Health literacy is “the degree to which individuals have the capacity to obtain, process, and understand basic health information and services needed to make appropriate health decisions”.1 It informs or limits an individual’s ability to search for and use health information, adopt healthy behaviors, follow prescribed treatment plans, and act on important public health alerts. Limited health literacy is associated with worse health outcomes and higher costs2 and in the collegiate population can also lead to impaired student success. Health literacy is not only about individuals’ skills; in the United States, health literacy reflects the efforts of health systems and professionals to make health information and services understandable and actionable. Interventions across multiple sectors need to focus on improving individual skills and making health service, education, and information systems more health literate.2


Key Facts

  • Nearly 9 of 10 adults have difficulty using the everyday health information that is routinely available in our healthcare facilities, retail outlets, media, and communities.1,3,4
  • The average annual healthcare costs of those with low health literacy levels are 4 times greater than that of the general population.5,6,7
  • Poor health literacy costs the U.S. healthcare system $30-$73 billion annually.5,6
  • 90 million Americans lack the skills needed to understand and act on health information.9
  • Individuals with low health literacy are less likely to participate actively in healthcare decision making and more likely to struggle with health management tasks and to face significant challenges navigating the health system. 9
  • Approximately 9 of 10 U.S. adults (88%) cannot calculate an employee's share of health insurance costs using a table based on income and family size.3
  • Health literacy is a better predictor of one’s health status than: age, income, employment, ethnicity, or education level.10,11
  • In 2006, 3 million Americans reported being seriously harmed or knowing someone who has been seriously harmed by following health advice or information found online.1
health literacy indicators

Recommendations

  1. Increase students’ ability to appropriately utilize health and mental health services, both on and off campus.
    Multiple factors determine how much healthcare people use, the types of healthcare they use, and the timing of that care.13 With its numerous layers of bureaucracy, procedures, and processes, the U.S. healthcare system can be difficult for many people to understand, to know how to access, or when to utilize its services.1 Individuals must choose a provider, make decisions about treatment depending upon the severity of illness, and assess the ease and quality of various treatment options.1 A student’s ability or inability to make these decisions and navigate healthcare systems is a reflection of systemic complexity and individual skill level.
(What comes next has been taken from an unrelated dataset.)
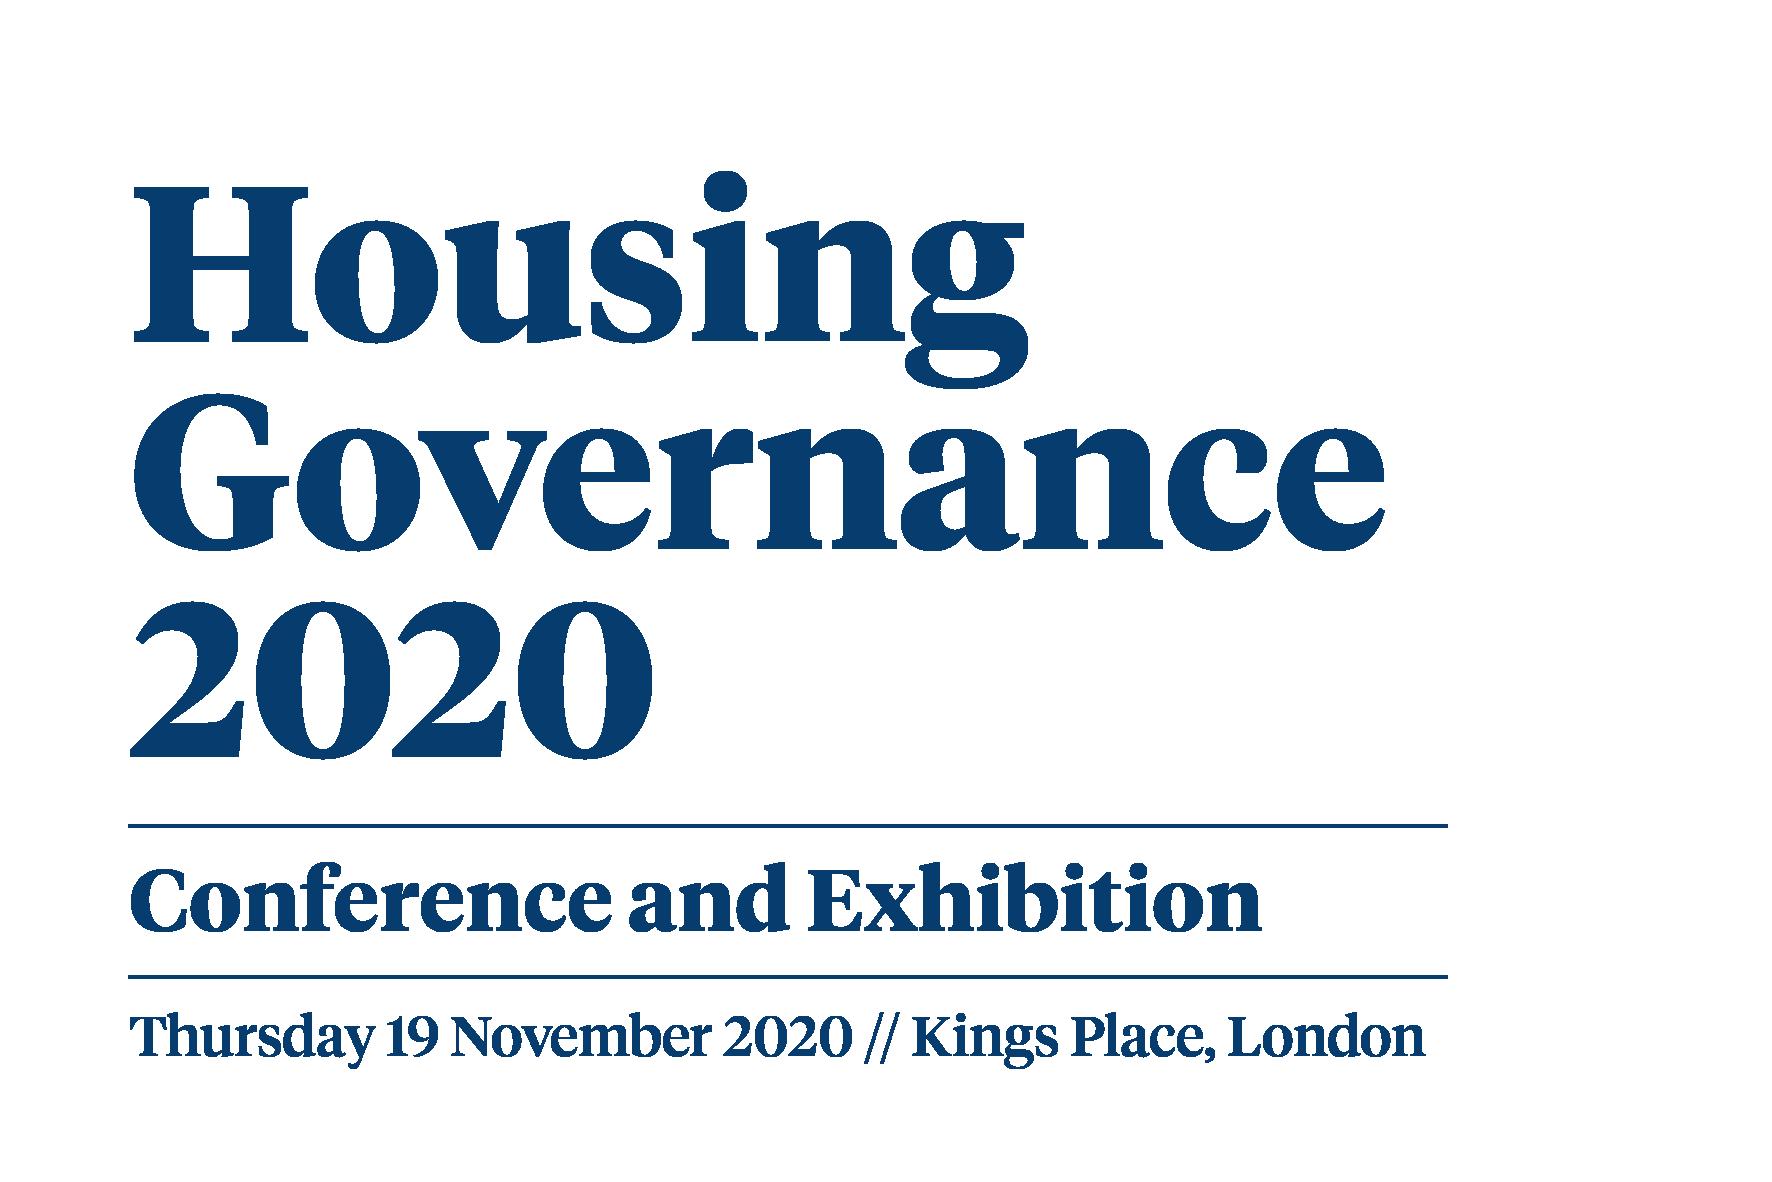 Housing Governance 2020

The consequences include lack of understanding and use of preventive services, poorer compliance rates with treatment modalities, and poorer health status.1,14

  2. Strengthen students’ understanding of their health-related financial resources and responsibilities.
    The ability to value, comprehend the options of, choose, and implement a personal healthcare financing plan is critically important to an individual’s wellbeing.15 Health insurance is associated with higher utilization of primary and preventive care, lower out-of-pocket medical expenditures and medical debt, and better self-reported physical and mental health.16 NYU requires all students to maintain adequate health insurance;17 however, students – like other healthcare consumers in the U.S. – often do not know what type of health plan they are currently enrolled in or how their healthcare will be affected by the type of plan they have chosen.18-22 Health insurance information for plan enrollment, use of benefits, coverage, and out-of-pocket costs is complicated and often unfamiliar for even highly literate individuals.2 Effective education and communication are important factors influencing consumer acceptance of healthcare benefits and program utilization23,24 and web-based tools can provide health plan members with information, self-service transactions, and decision support.25, 26
  3. Increase the proportion of students who use electronic personal health management tools.
    Since 1999, NYU Student Health Center has used an electronic health record system and currently offers personal health management tools such as secure messaging between patients and providers, online scheduling, and online refills of prescription medication. Increasing the use of electronic personal health management tools, such as a personal health record, is a national priority from Healthy People 2020;22 therefore, NYU will continue to expand its portfolio of tools to promote active, ongoing patient collaboration in care delivery and decision making. Personal health management tools improve the quality, completeness, depth, and accessibility of health information provided by patients; enable facile communication between patients and providers; provide access to health knowledge for patients; and ensure portability of medical records and other personal health information.27

  4. Increase students’ ability to identify reliable health information.
    Health information is critically important for empowering individuals to be active participants in personal health actions and decisions.2 The Internet is the primary source of information for the majority of NYU students,28-30 yet students can and do obtain health information from a variety of sources including healthcare professionals, magazines, brochures, family, friends, news/media, and peers, among other sources.29 Students often lack the skills to locate and evaluate effectively the information for credibility and quality, analyze the risks and benefits, and use high quality health information; therefore, they can suffer adverse consequences from using unreliable information.2,31,32 A tremendous opportunity exists for colleges and universities, including NYU, to provide high-quality health information and to teach students how to select and use credible information.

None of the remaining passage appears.